There is no longer any doubt. Russia was responsible for the assassination of Alexander Litvinenko on UK soil by lacing his tea with radioactive polonium 210. Litvinenko was a former KGB and FSB agent who defected to the UK and became an outspoken critic of Vladimir Putin. Last week the European Court of Human Rights (ECHR) confirmed what had long been suspected, but denied by the Kremlin – that his murderers, Andrei Lugovoy and Dmitry Kovtun, ‘had been acting as agents of the Russian State‘. The court’s findings come in the wake of the UK counterterrorism police also bringing charges against a ‘senior Russian military intelligence officer‘ for the attempted assassination of former double agent Sergei Skripal and his daughter, Yulia, with the nerve agent Novichok.
These recent developments raise broader questions about the safety of political refugees in the UK. Despite coming here seeking sanctuary, many are still hunted down by the states from which they fled.
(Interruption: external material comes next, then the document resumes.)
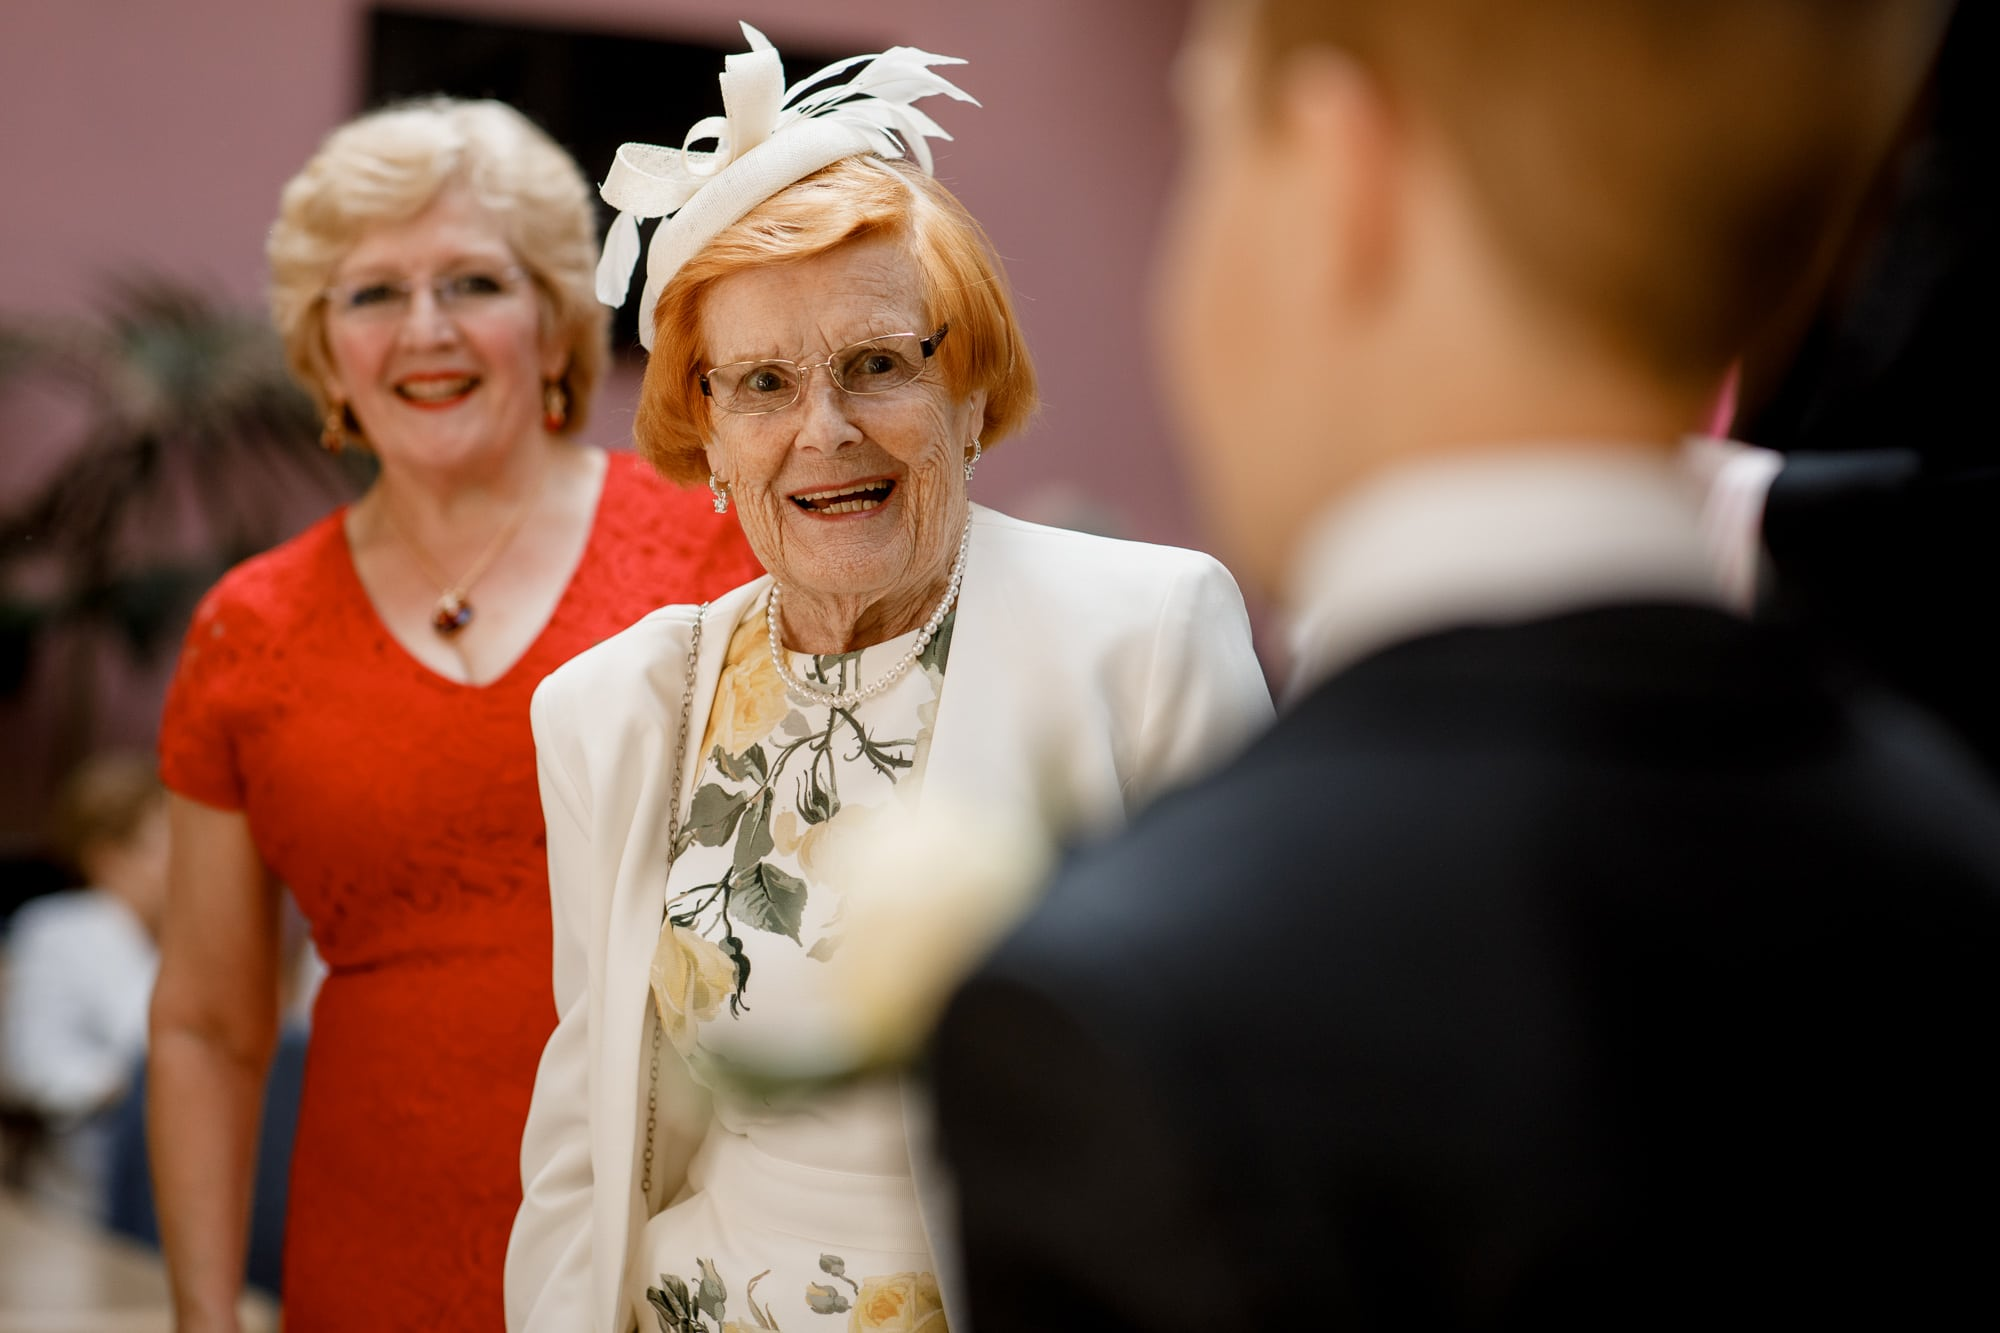 grandma smiling at page boy

It’s not just Litvinenko and Skripal, women who have fled persecution and enslavement by Isis have also been targeted. As of 2019, the UK had resettled around 15,000 Syrian refugees. But at the same time Britain is beginning to allow the return and rehabilitation of former Isis fighters. As it is impossible for UK security services to monitor all returned jihadis, there is a real risk that some could pursue their former victims. This has already happened in Germany, where a Yazidi woman who had been trafficked came face to face with her Isis captor, and was subsequently threatened by him. While this issue was reported, German police said there was nothing they could do.
Not only are these refugees targeted by the states from which they escaped, but even when the police do manage to identify those responsible for these crimes, very little can be or has been done to hold them accountable. They are often protected by their countries, and it seems that the UK is unable to do much more than verbally condemn these acts.
The whole notion of asylum is meaningless if refugees are still subject to intimidation by their home nation. Amid conversations about refugees from Hong Kong and Afghanistan coming to the UK, we must consider how Britain can offer better protection from spies and agents working for hostile states. As it stands, the UK seems neither willing nor capable of putting a stop to the targeting of political refugees. Other nations have had to deal with similar threats and have managed them in different ways. While there is not one clear solution, there are ways the UK can better maintain the safety of defectors and the integrity of its promises.
First, the Government must ensure that the identity of political refugees is thoroughly concealed, and that their homes are properly monitored. This will protect not only the refugees themselves, but their neighbours who – as the death of Dawn Sturgess from Novichok poisoning proves – can become collateral damage.
Second, there needs to be more comprehensive vetting of those who enter the UK from high risk nations to ensure they don’t pose a risk to public safety here.
Finally, it should be made clear to political refugees that the state does not have the capacity to fully ensure their safety after granting asylum. Those who gain UK residency should be made aware of potential risks they may face and offered training on how to stay safe on a day-to-day basis.
With these small but deliberate steps the Government could send a message to asylum seekers, and to hostile states, that Britain will always be a safe haven and is prepared to fight for its citizens.